The expected response is the full listing, retyped exactly, without its images.

-------- DATASET EXTRACT --------

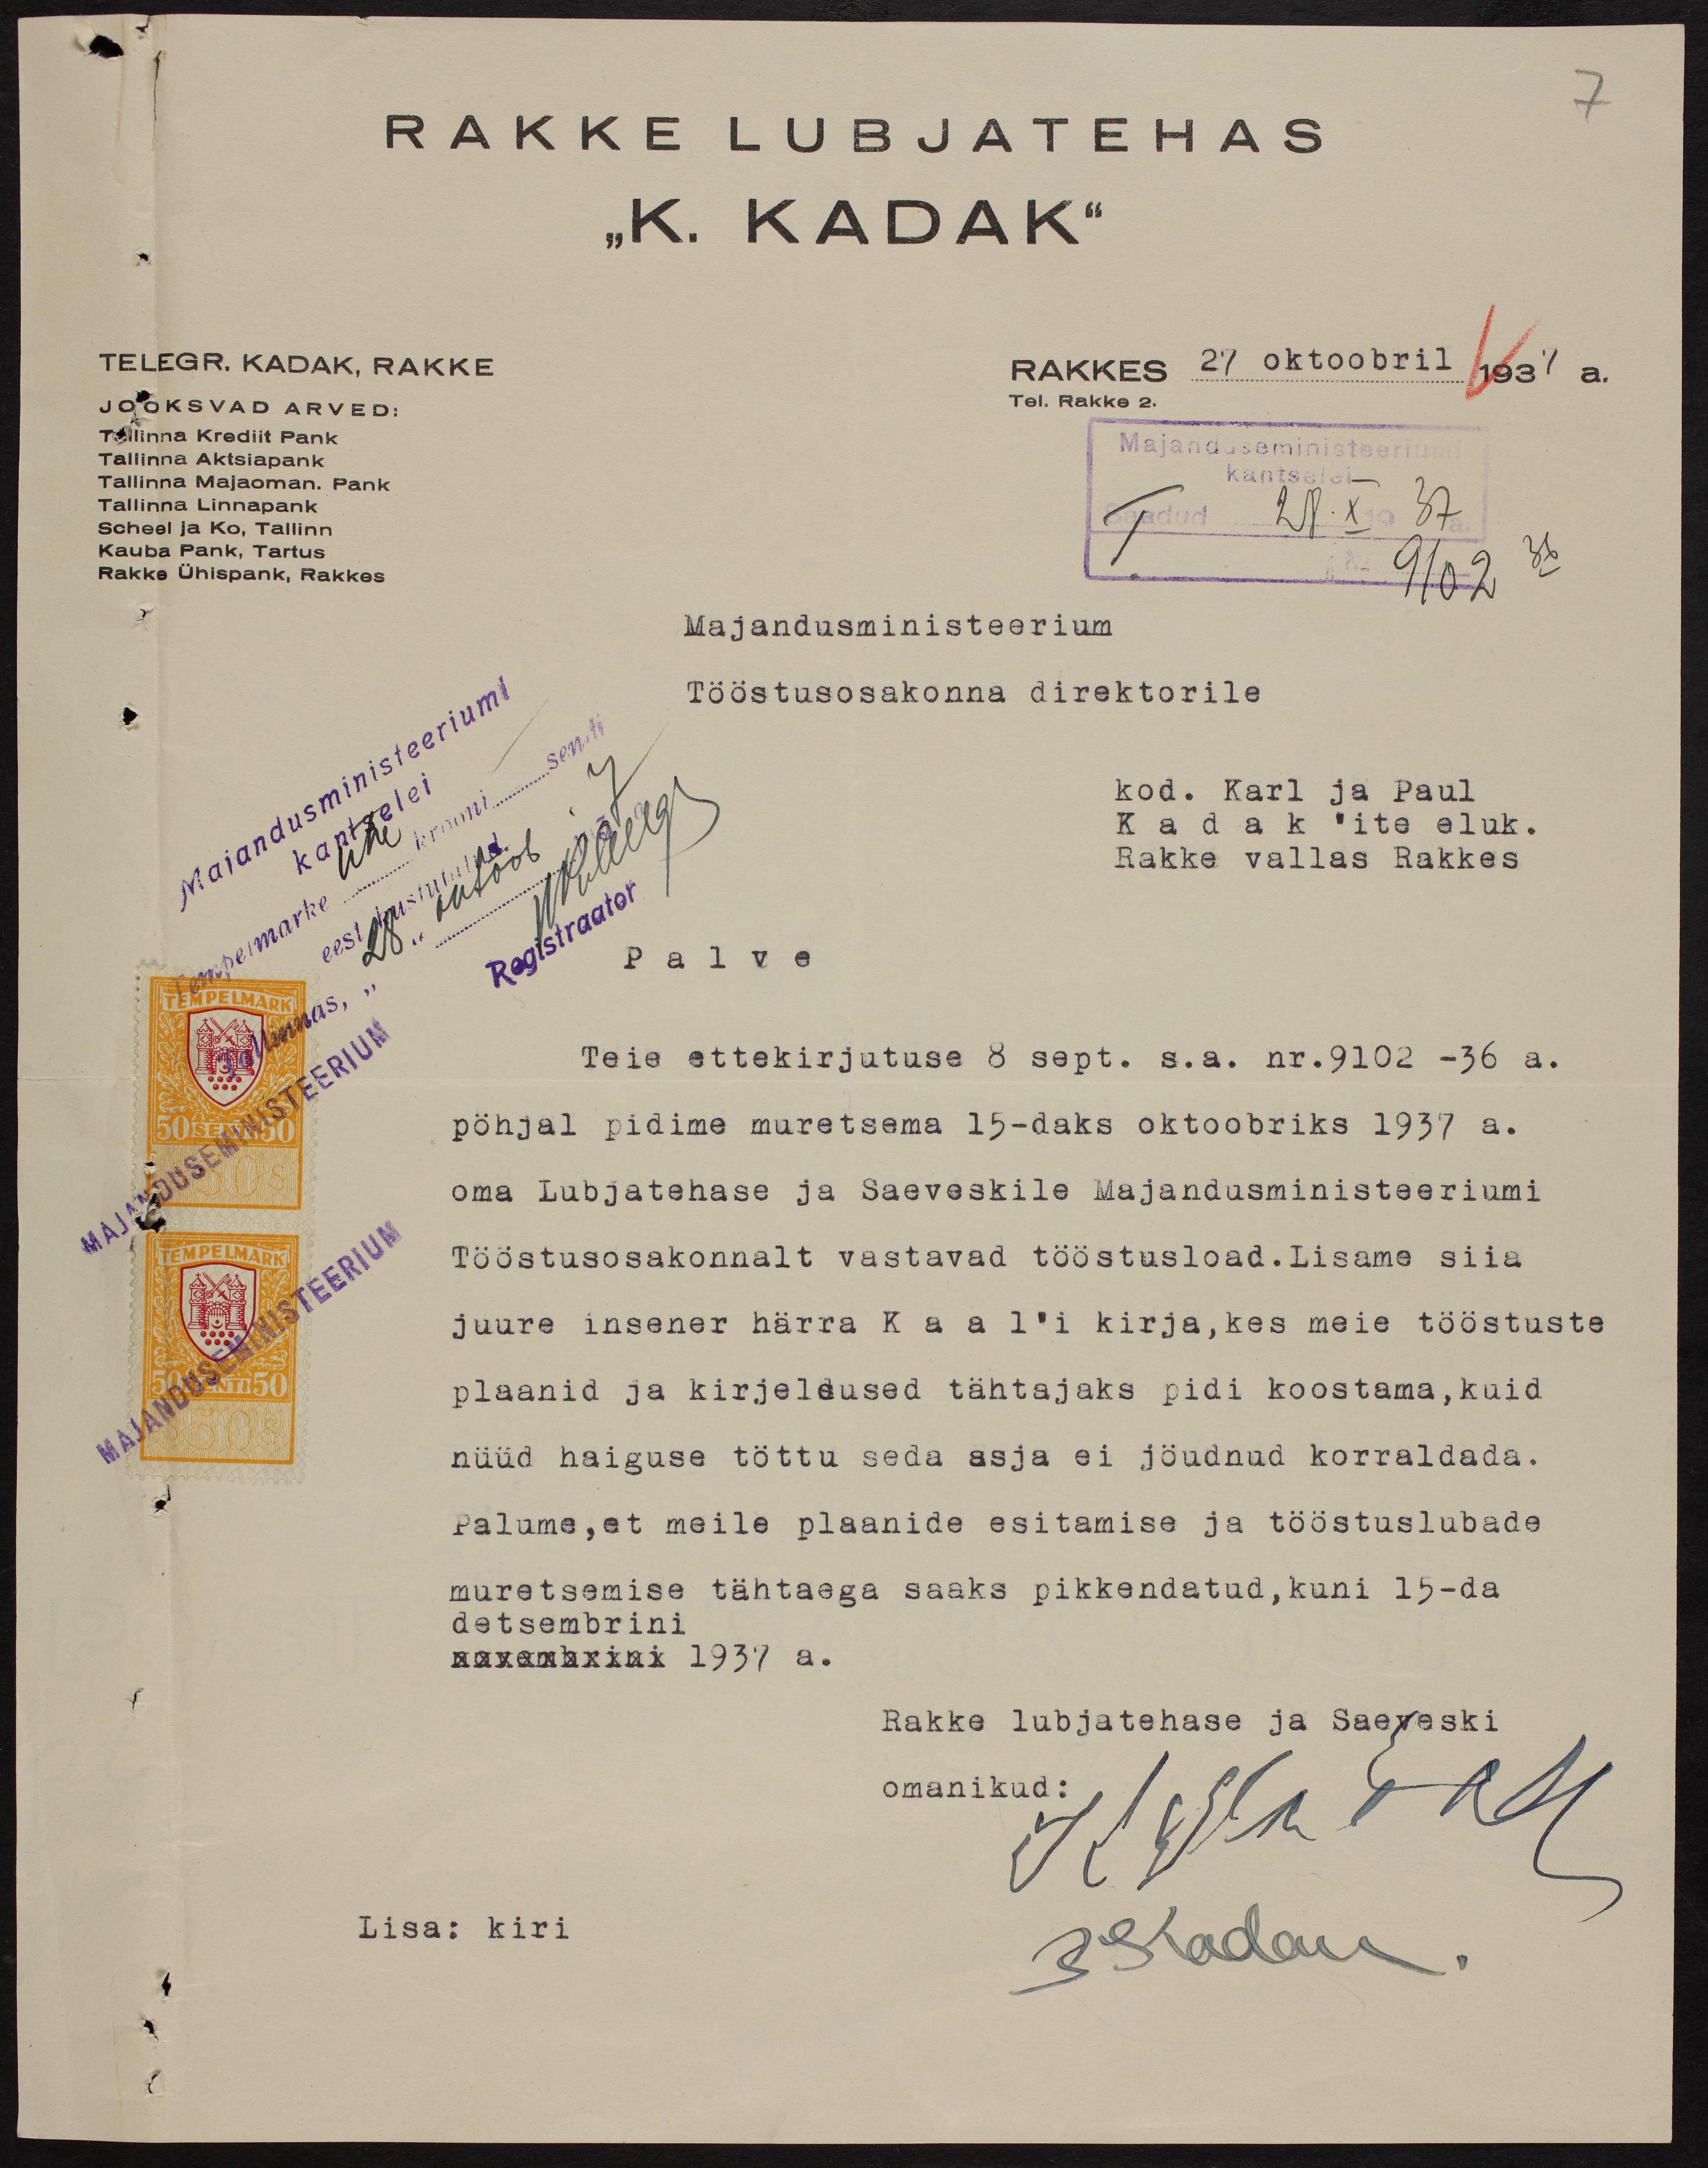 Väljavõtte Rakke lubjatehase majandustoimikust, 1937. ERA.969.1.700
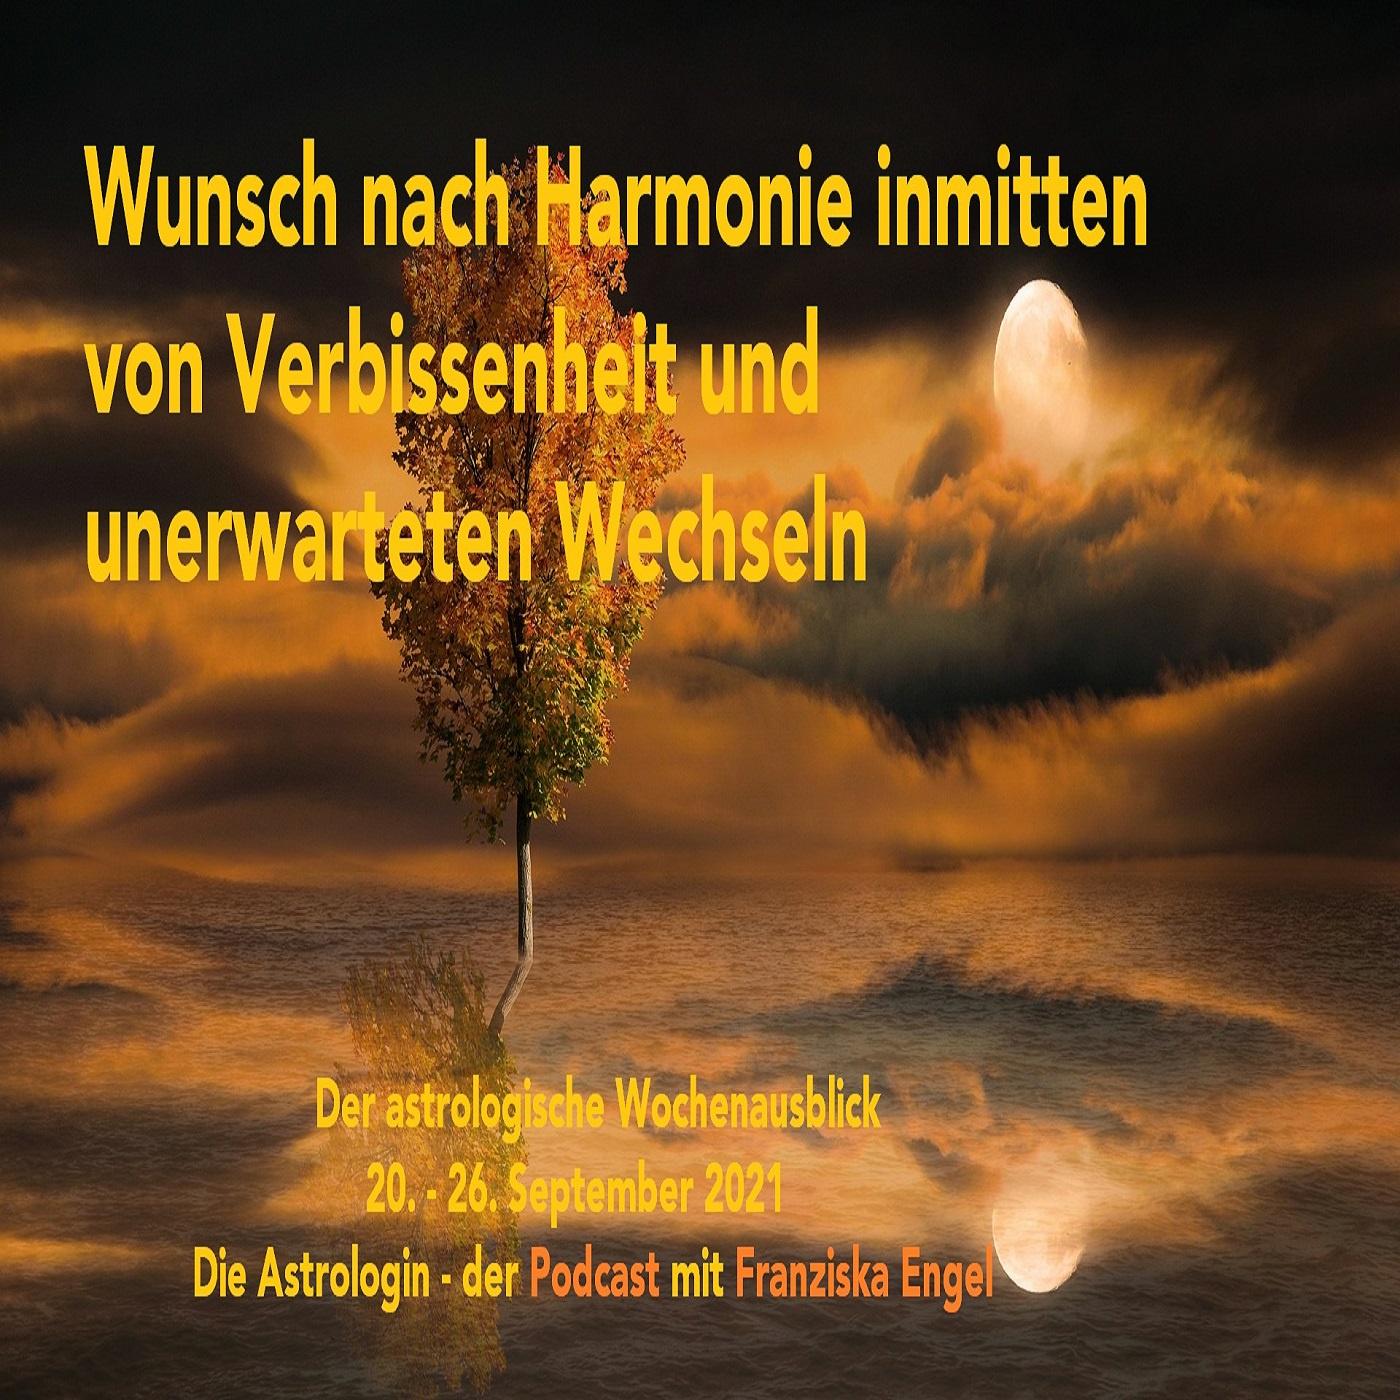 Wunsch nach Harmonie inmitten von Verbissenheit und unerwarteten Wechseln
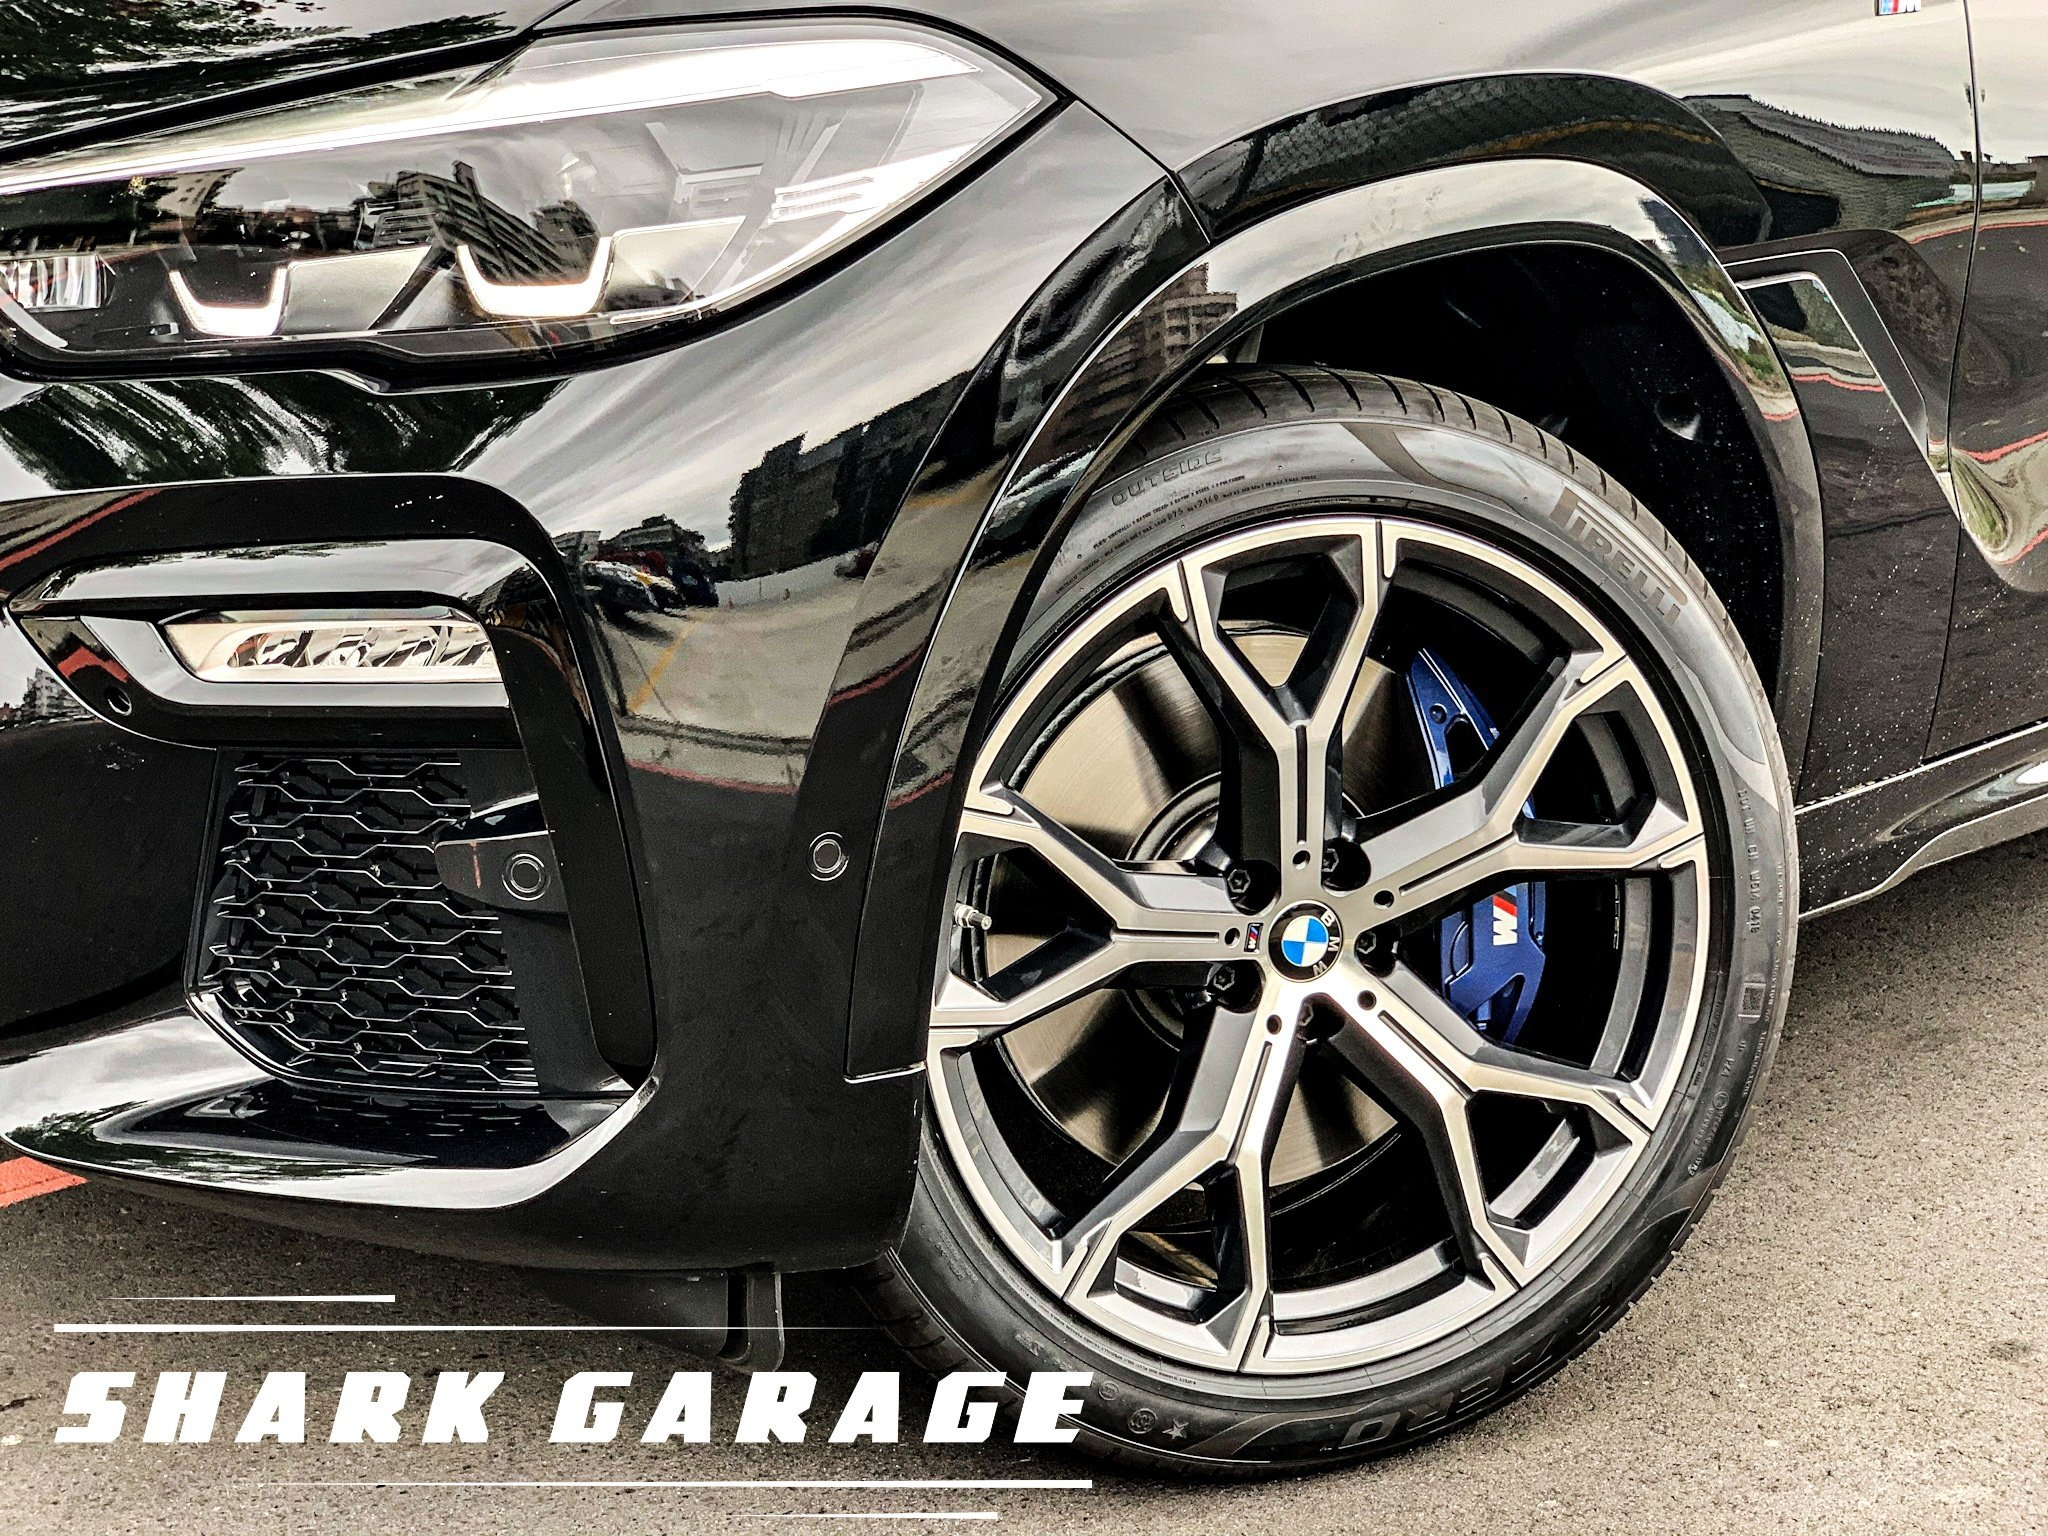 #現貨#✽顯閣商行✽BMW 德國原廠 M Performance G06 X6 741M 21吋 輕量化鋁圈配胎

--------

RESPONSE TO THIS TASK ▸
 Väljavõtte Rakke lubjatehase majandustoimikust, 1937. ERA.969.1.700
 Wunsch nach Harmonie inmitten von Verbissenheit und unerwarteten Wechseln
 #現貨#✽顯閣商行✽BMW 德國原廠 M Performance G06 X6 741M 21吋 輕量化鋁圈配胎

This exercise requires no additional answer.